Мы должны понимать, что суть шизофрении — как раз в искажении взаимосвязи между аффективностью, которая сильно нарушается потерей контакта с жизнью, и интеллектом, который остается невредимым и который, как кинооператор, фиксирует все, что происходит рядом с ним.
Очевидно, что Рене не могла пересказать все впечатления, полученные ею на протяжении болезни. Впрочем, были длительные периоды, когда она находилась в таком состоянии гебефрено-кататонического возбуждения, что в своей спутанности не была в состоянии достаточно ясно понимать то, что происходило вокруг, и особенно то, что происходило внутри нее.
В течение болезни наблюдались также и периоды ярко выраженного ступора, когда безразличие было настолько явным, что не позволяло перцептивным впечатлениям фиксироваться как мнестические следы. Поэтому, познакомившись с откровениями Рене — откровениями, которые свидетельствуют об ее удивительной люцидности, не надо забывать, что они воспроизводят лишь определенные периоды заболевания, по счастью, самые интересные с психологической точки зрения.
Часть первая.
Самонаблюдения
Глава первая.
Появление первых ощущений ирреальности
В этой главе мы познакомимся с откровениями, которые я услышала от Рене вскоре после ее выздоровления. Она рассказала о первых ощущениях ирреальности, которые она испытала в пятилетнем возрасте.

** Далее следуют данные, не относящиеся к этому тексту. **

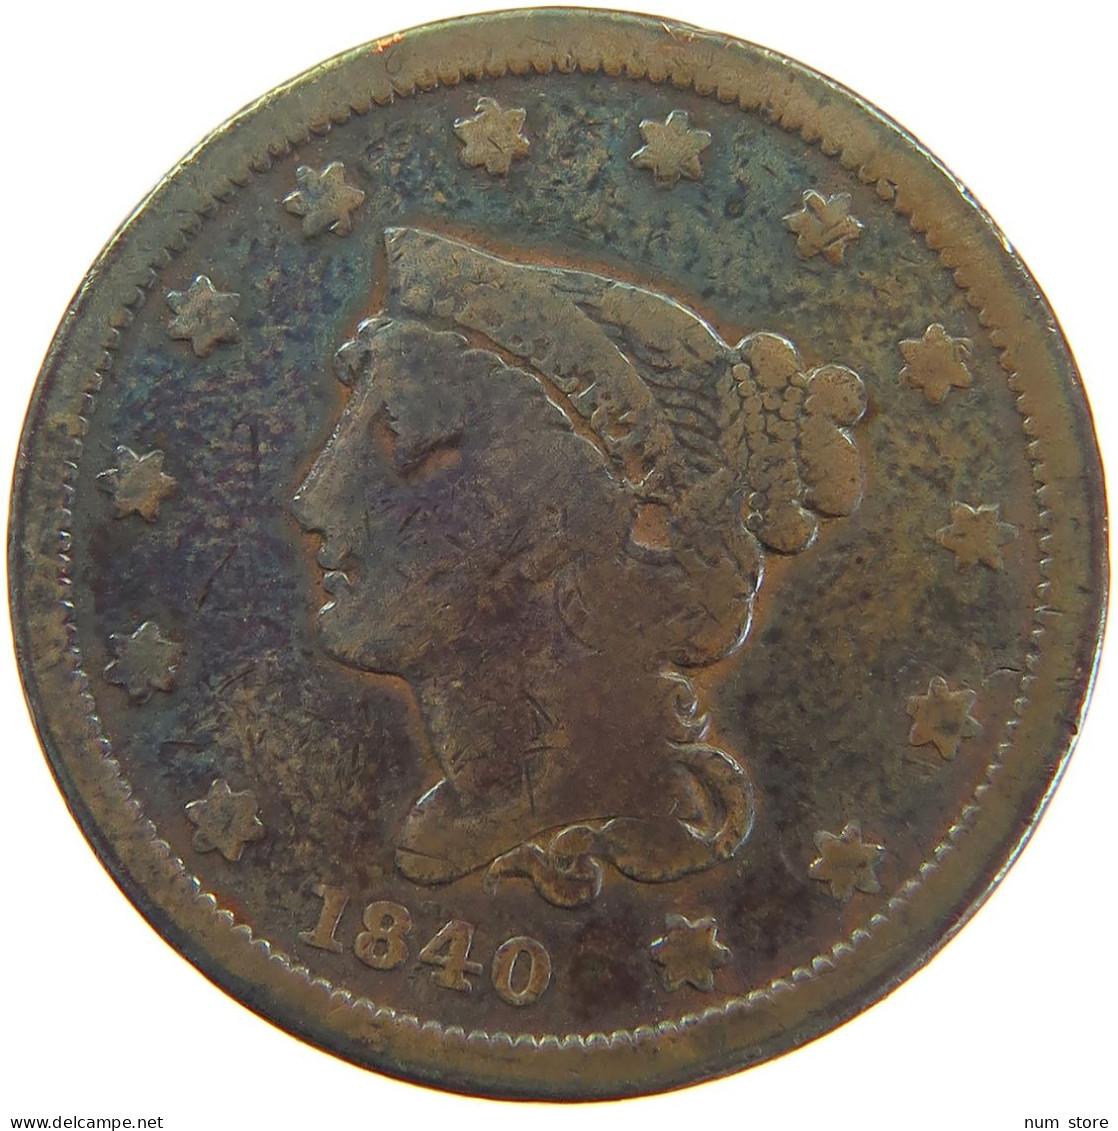 UNITED STATES OF AMERICA LARGE CENT 1840 Braided Hair #t024 0157 - 1840-1857: Braided Hair
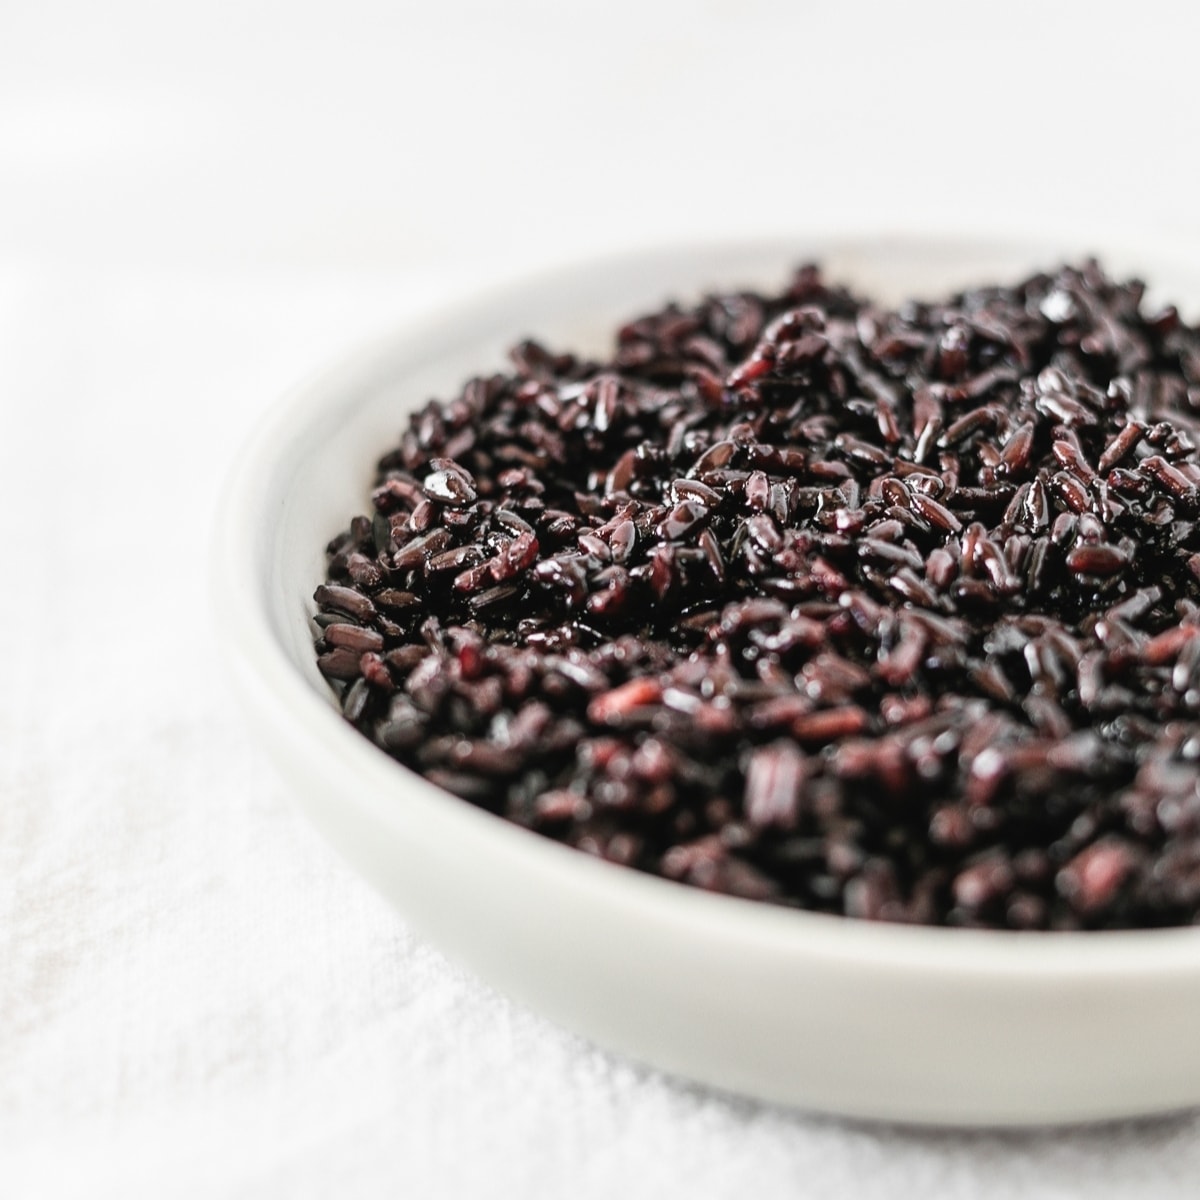 How To Cook Purple Rice In Rice Cooker

«Очень хорошо помню день, когда это случилось. Мы в это время жили за городом и я, как обычно, вышла погулять одна. Вдруг из школы, мимо которой я как раз проходила, до меня донеслась песня на немецком языке — это пели дети, у которых был урок пения. Я остановилась, чтобы послушать, и в этот момент во мне поселилось странное чувство — чувство, сложное для того, чтобы его можно было проанализировать, но похожее на то, что я переживала позже: ирреальность. Мне казалось, что я больше не узнаю́ школу, что она стала большой, как казарма, и все дети, которые пели, показались мне пленниками, которых заставляют петь. Все происходило так, как будто школа и пение детей были отделены от всего остального мира, в то же время мои глаза воспринимали пшеничное поле, которому не было пределов. И эта сияющая на солнце желтая бесконечность вместе с песней пленных детей в школе-казарме из отшлифованного камня вызвали во мне такую тревогу, что я начала рыдать. Я побежала в наш двор и стала играть, для того чтобы все стало таким „как прежде“, то есть для того чтобы вернуться в реальность. Тогда впервые я увидела вещи, которые позже всегда будут появляться в моем переживании ирреальности: бескрайнее пространство, слепящий свет и отшлифованность, гладкость материи.
Я не могу объяснить себе, что случилось. Знаю лишь, что как раз в тот период я узнала, что у моего отца есть любовница, и что это заставляло мою маму плакать. Это потрясло меня, потому что я слышала, как мама сказала, что „если отец ее бросит, она покончит с собой“».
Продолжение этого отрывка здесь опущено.